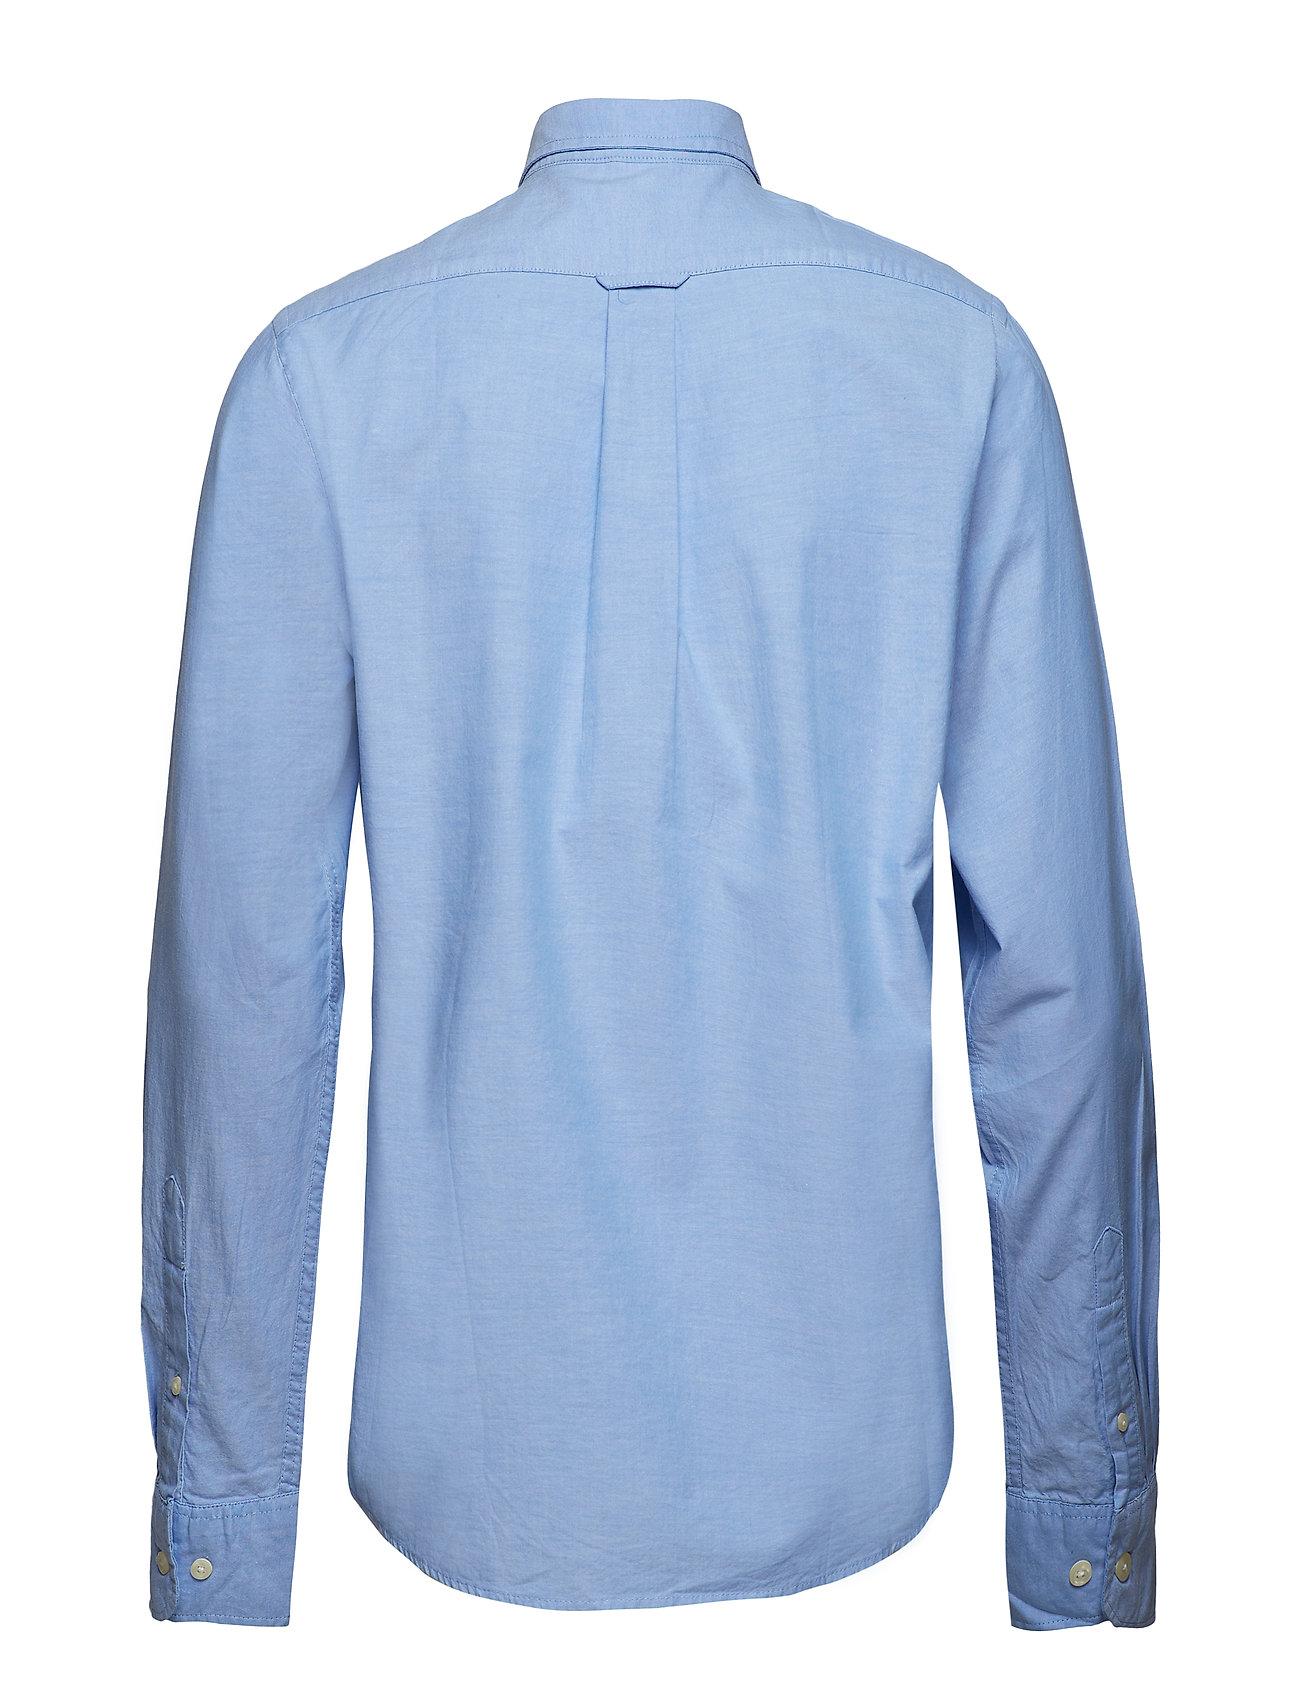 Bd RevivalIzod Oxford Bd Oxford Shirtblue Oxford Shirtblue RevivalIzod b6gyY7f
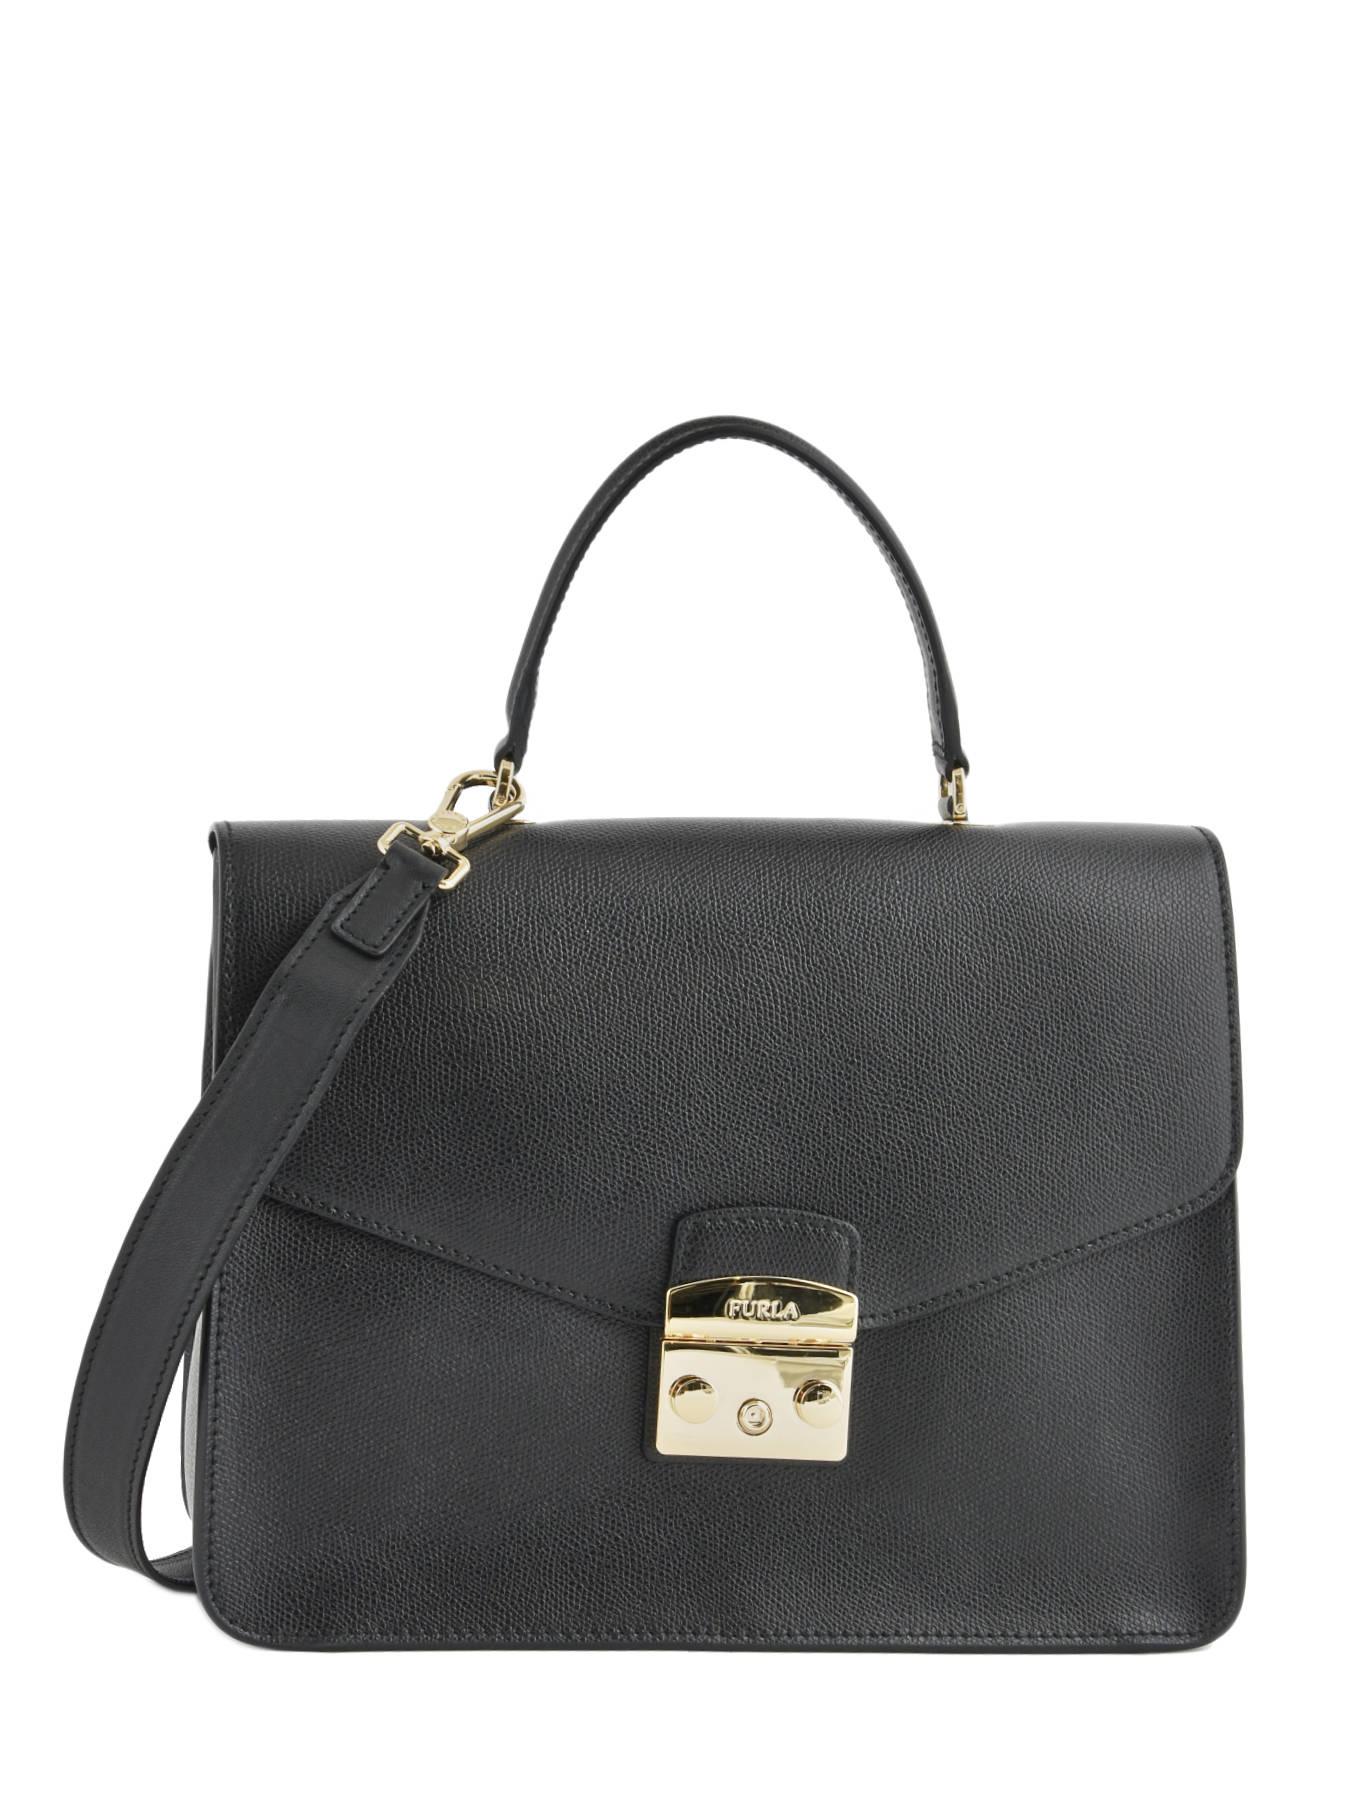 aae275111d36 ... Top Handle L Metropolis Leather Furla Black metropolis EP0-BOO9 ...
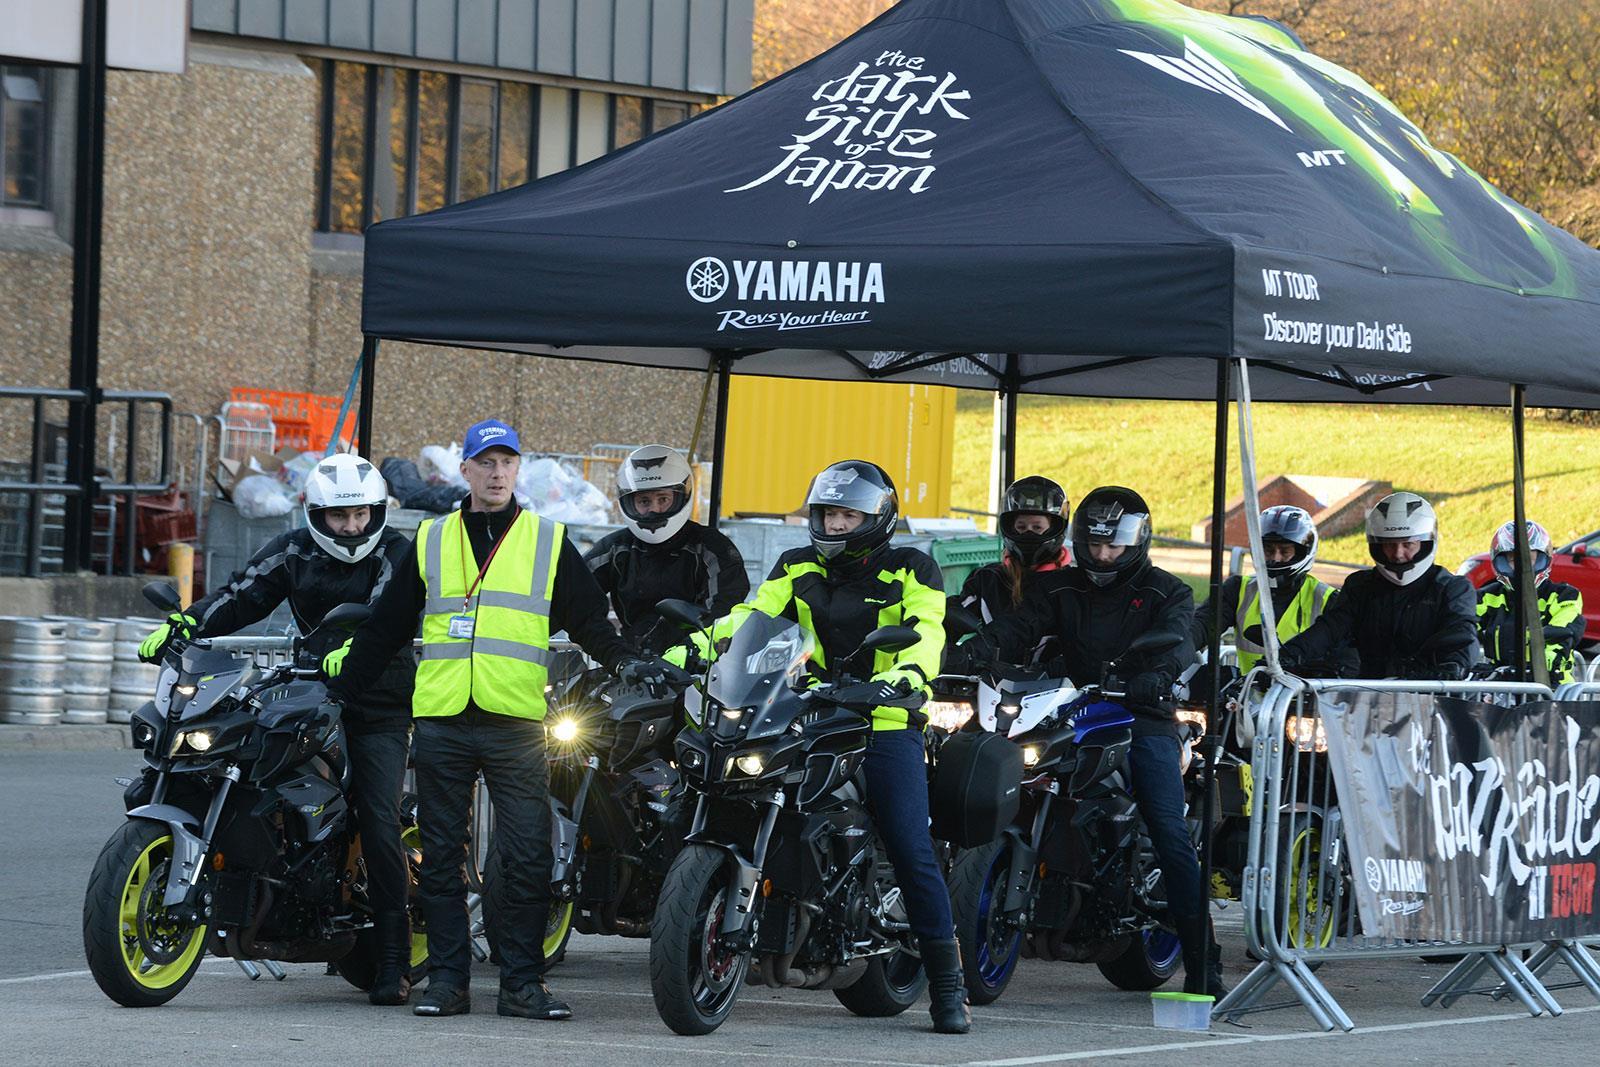 Yamaha Darkside MT tour

§ **The task**
Everything in the data except the pictures should be restated word for word.

§ **Written solution**
 Bd RevivalIzod Oxford Bd Oxford Shirtblue Oxford Shirtblue RevivalIzod b6gyY7f
 aae275111d36 ... Top Handle L Metropolis Leather Furla Black metropolis EP0-BOO9 ...
 Yamaha Darkside MT tour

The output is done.